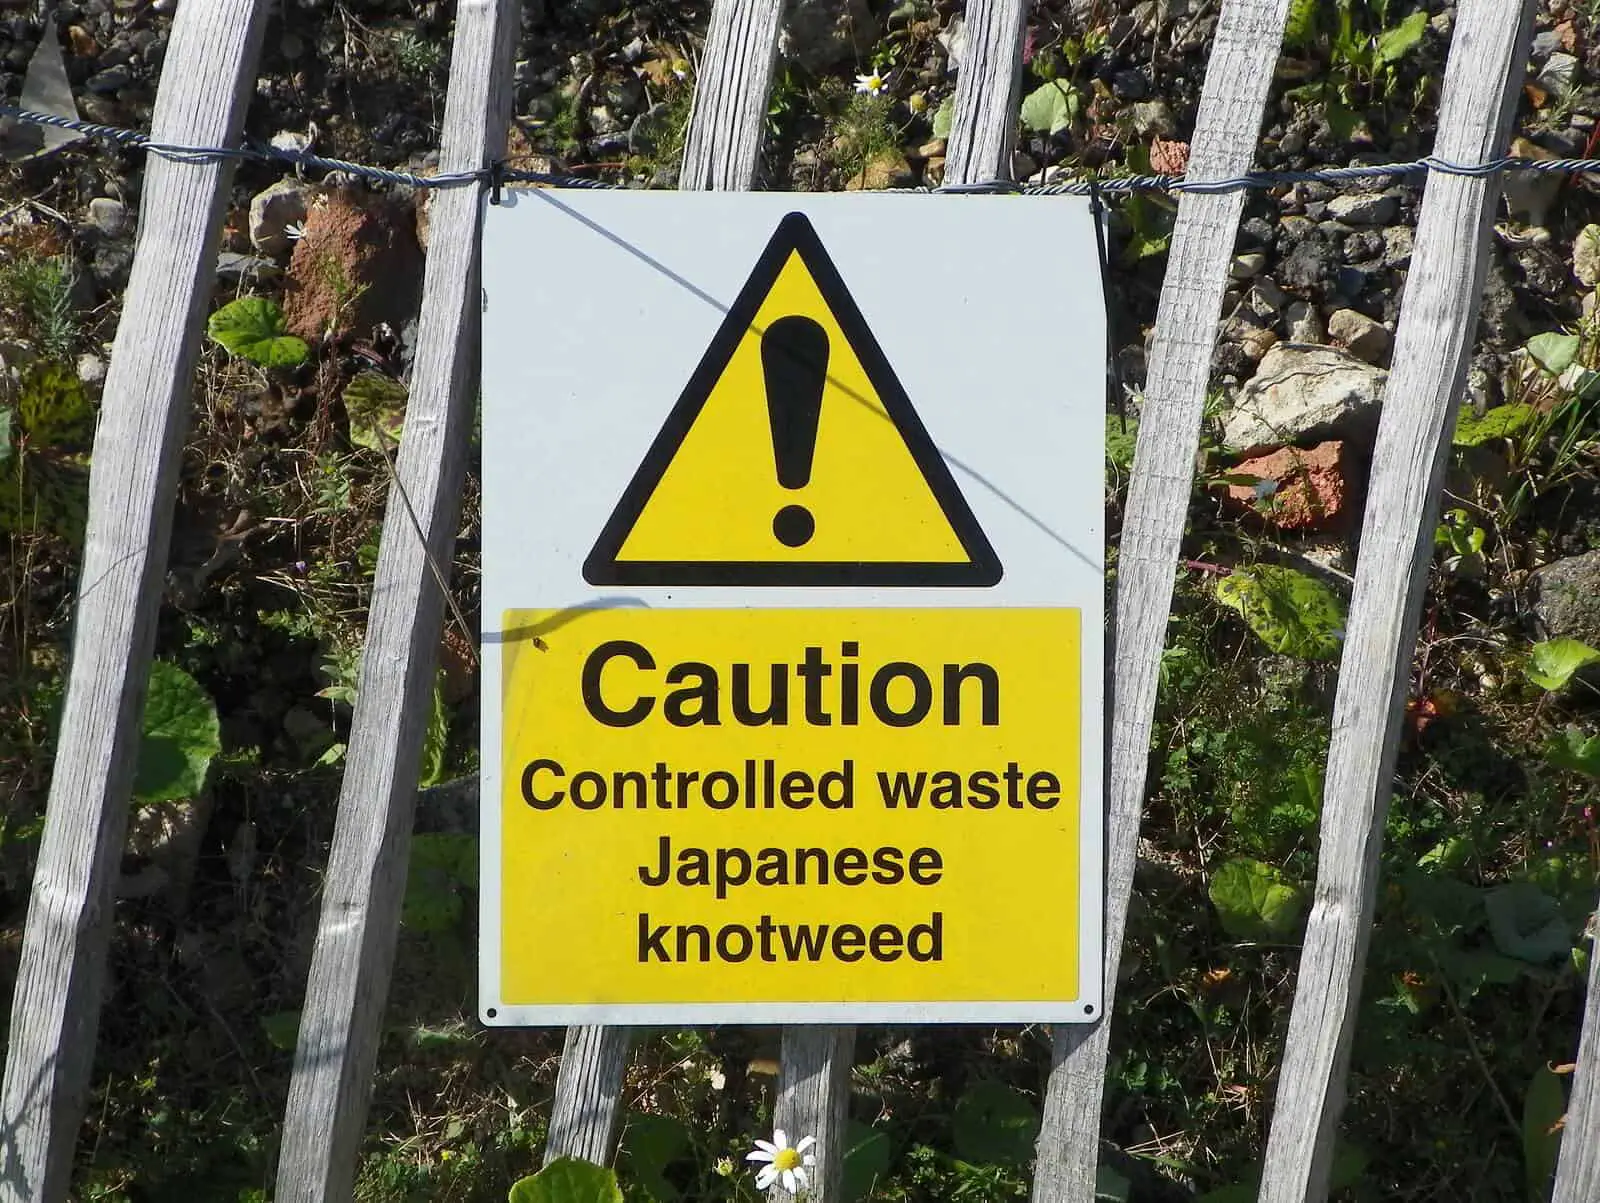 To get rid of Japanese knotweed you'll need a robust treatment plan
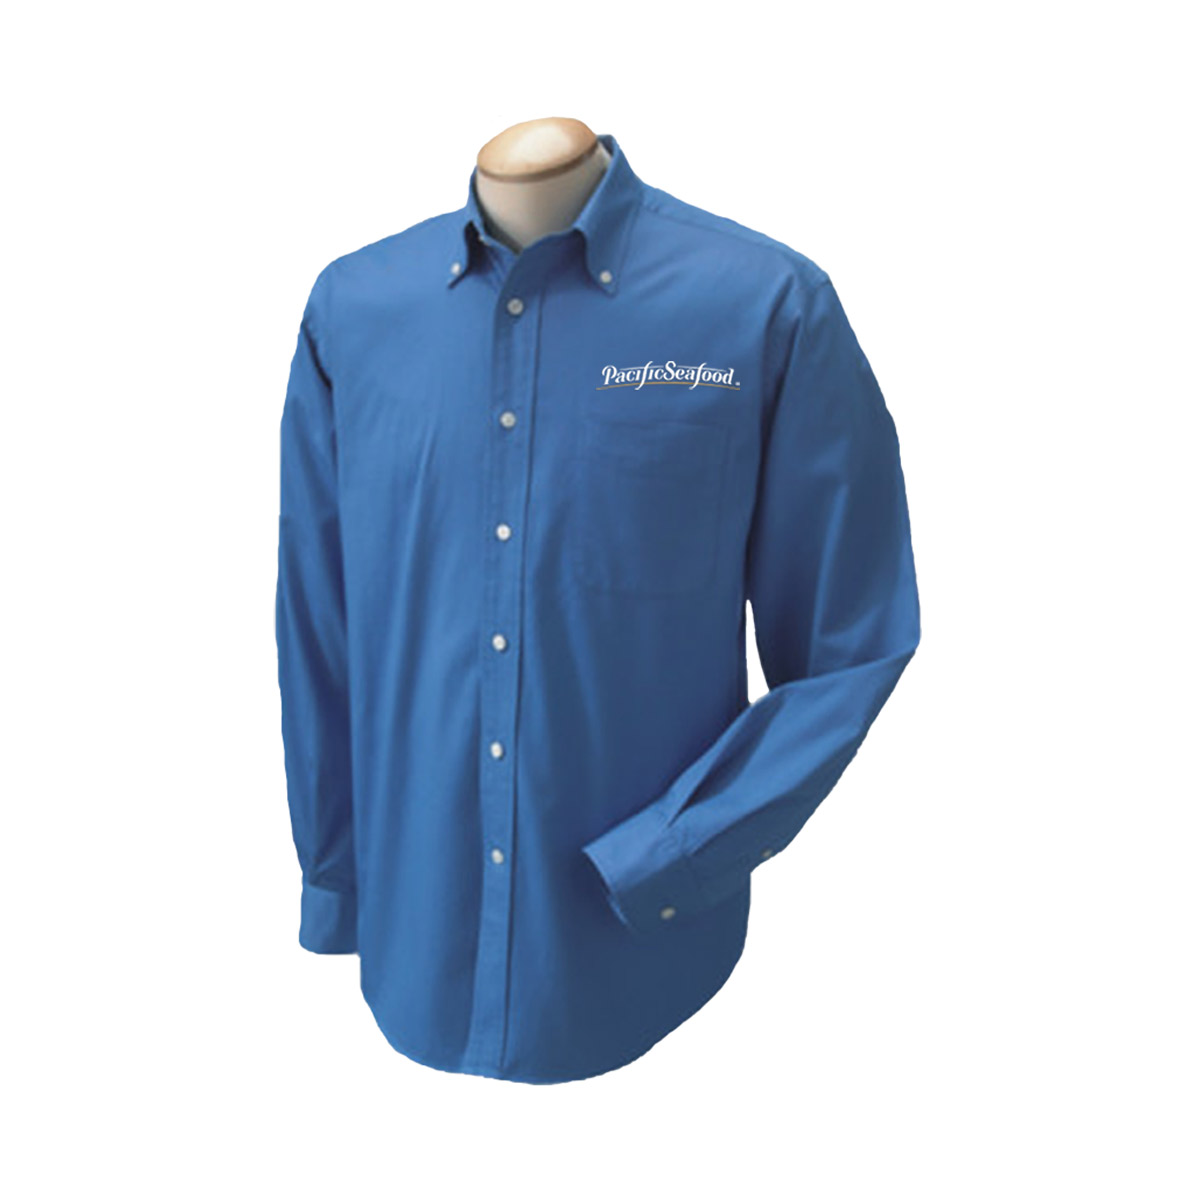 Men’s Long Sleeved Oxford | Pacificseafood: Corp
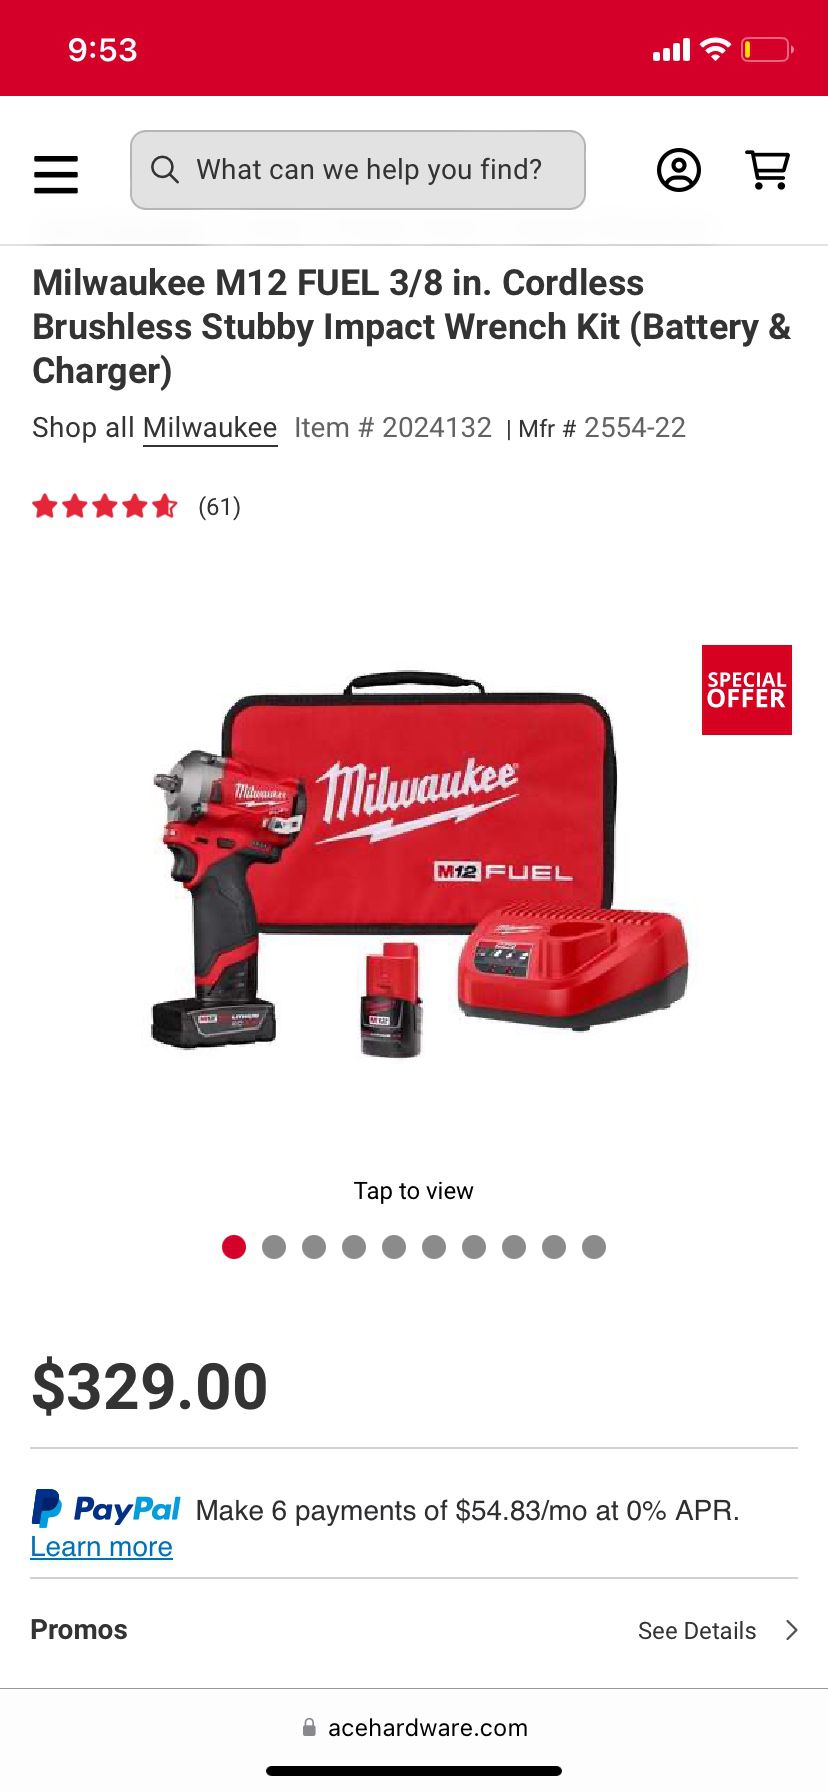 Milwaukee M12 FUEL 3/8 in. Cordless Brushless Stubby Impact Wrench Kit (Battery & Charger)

+===+

*Task to complete*
Would you output the full listing exactly as it stands, minus the images?

*Finished exercise*
 To get rid of Japanese knotweed you'll need a robust treatment plan
 Men’s Long Sleeved Oxford | Pacificseafood: Corp
 Milwaukee M12 FUEL 3/8 in. Cordless Brushless Stubby Impact Wrench Kit (Battery & Charger)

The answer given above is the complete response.